Samsung Electronics Co Ltd <005930.KS> is headed for a robust year after October-December profit estimates came above market forecasts as the company rides a recovery in memory chips, its cash cow business.

Analysts have upgraded their outlook for Samsung, the world's top maker of memory chips and flat-screen TVs. However, the stock dipped on Thursday after closing at a record high the previous day.

Demand for TVs, as well as LCD panels and chips remains healthy at the moment, and that will likely pick up toward the Chinese New Year, said Mitsushige Akino, chief fund manager at Ichiyoshi Investment Management in Tokyo.

Samsung, South Korea's biggest company valued at $109 billion, made a spectacular turnaround last year, but concerns remain over tougher competition and a strengthening won that weakens Samsung's pricing power.

Japanese rivals including Sony Corp <6758.T> are beefing up offerings in LCD TVs to reclaim market share, while Samsung also faces an uphill battle with smartphone leaders such as Apple Inc .

In handsets and household goods, it looks difficult to avoid the impact of the stronger won, and higher marketing and promotion costs to fight deepening competition will lower margins slightly, said Hana Daetoo Securities analyst Lee Jeong.

Robust sales of flat-screen TVs have been another key driver for Samsung, the world's biggest maker of liquid crystal display (LCD) panels and TV sets. Shortage of raw materials kept LCD prices high while Samsung established itself as a leader in the premium LCD TV segment which uses light emitting diode (LED).

In the TV market, competition with Japanese makers is set to become tougher this year, and that will put pressure on margins, said Dashin Securities analyst John Park. However, considering the growing market and that Samsung is likely to stay the No.1 maker, the trend is still favourable for Samsung.

On Thursday, Samsung also unveiled an ambitious set of targets for this year's flat-screen TV sales, estimated to jump by around 30 percent from last year.

Samsung's 2010 net profit is set to rise to 12.49 trillion won from an estimated 9.64 trillion won last year, according to analysts polled by Thomson Reuters I/B/E/S. Two months ago, the 2010 consensus forecast was for 12.27 trillion won.

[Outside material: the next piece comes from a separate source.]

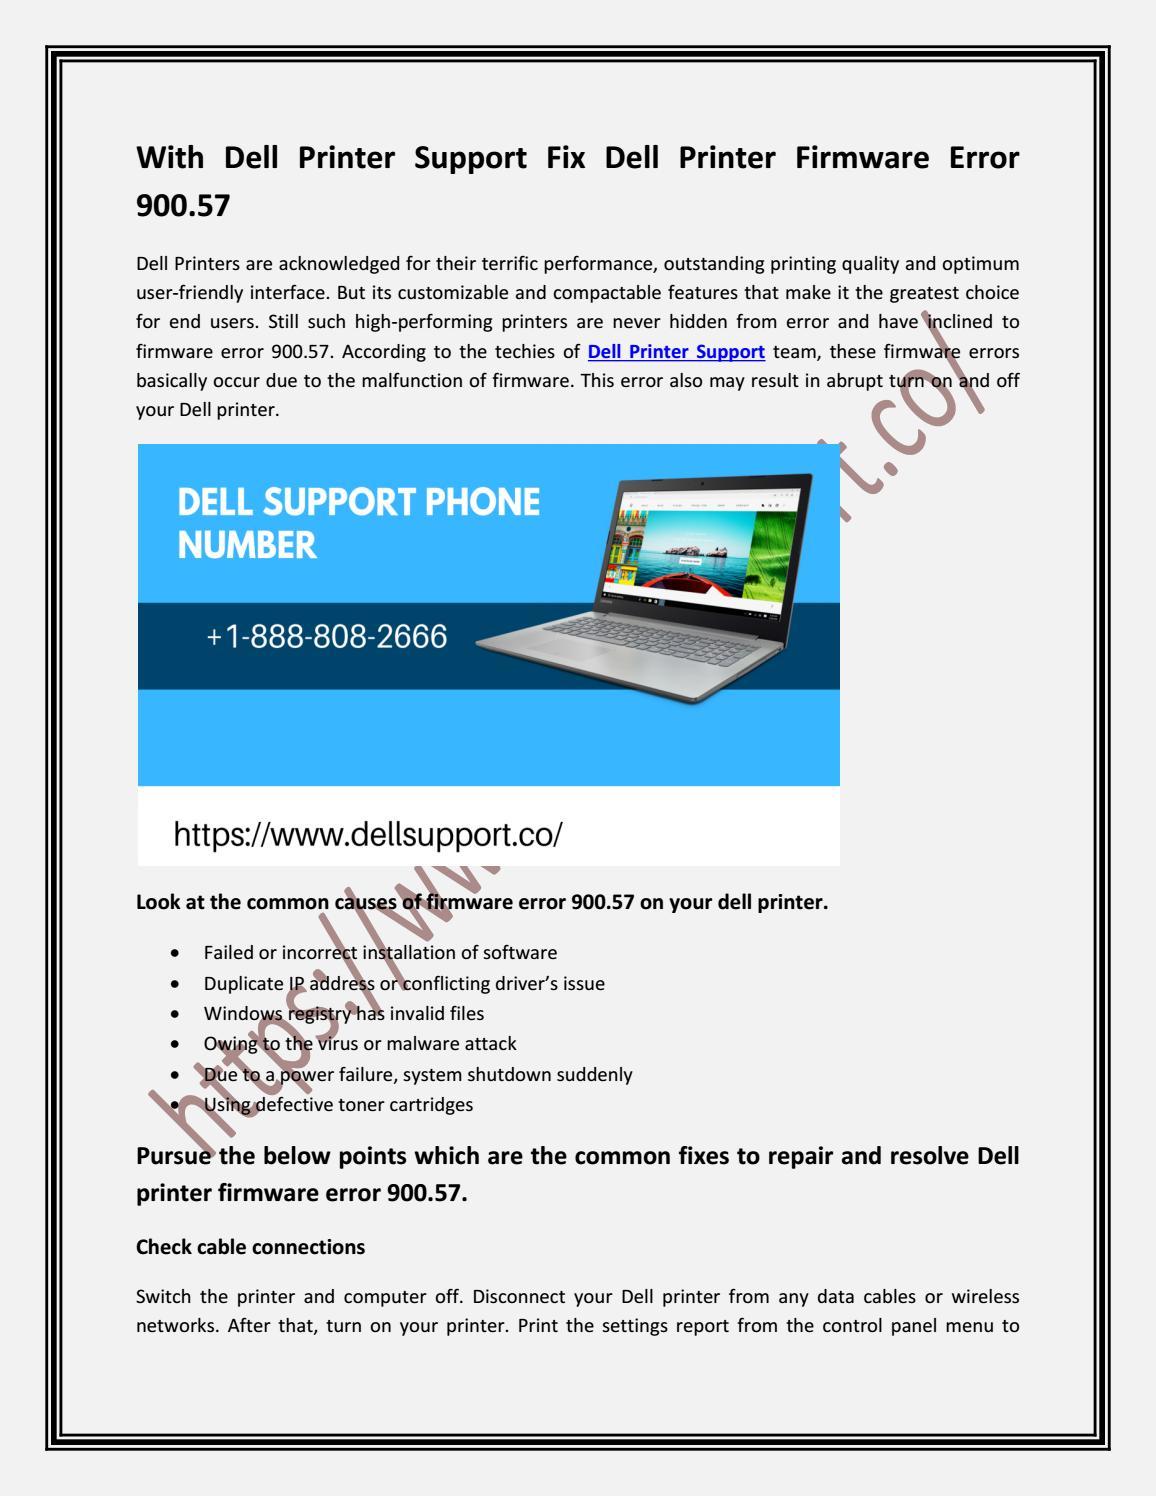 dell b2360d firmware error 900.57

Samsung shares jumped 77 percent last year, outperforming a 50 percent gain on the broader market <.KS11>.


Samsung estimated preliminary fourth-quarter consolidated operating profit at a median 3.7 trillion won ($3.27 billion) compared with a consensus forecast of 3.54 trillion won from Thomson Reuters I/B/E/S.

The profit estimate, in a range of 3.5 trillion-3.9 trillion won, is a sharp improvement from a 0.74 trillion won consolidated operating loss in the 2008 fourth quarter, although smaller than a 4.23 trillion won profit in the previous quarter.

DRAM will play a cash cow role for Samsung for the time being. Expectations for new products such as e-books will raise demand for NAND chips in the longer term and highlight its growth potential, said Hana Daetoo's Lee.

Samsung estimates fourth-quarter consolidated sales at a median 39 trillion won, which would be a record, in a range of 38-40 trillion won. It is due to report official quarterly results later this month.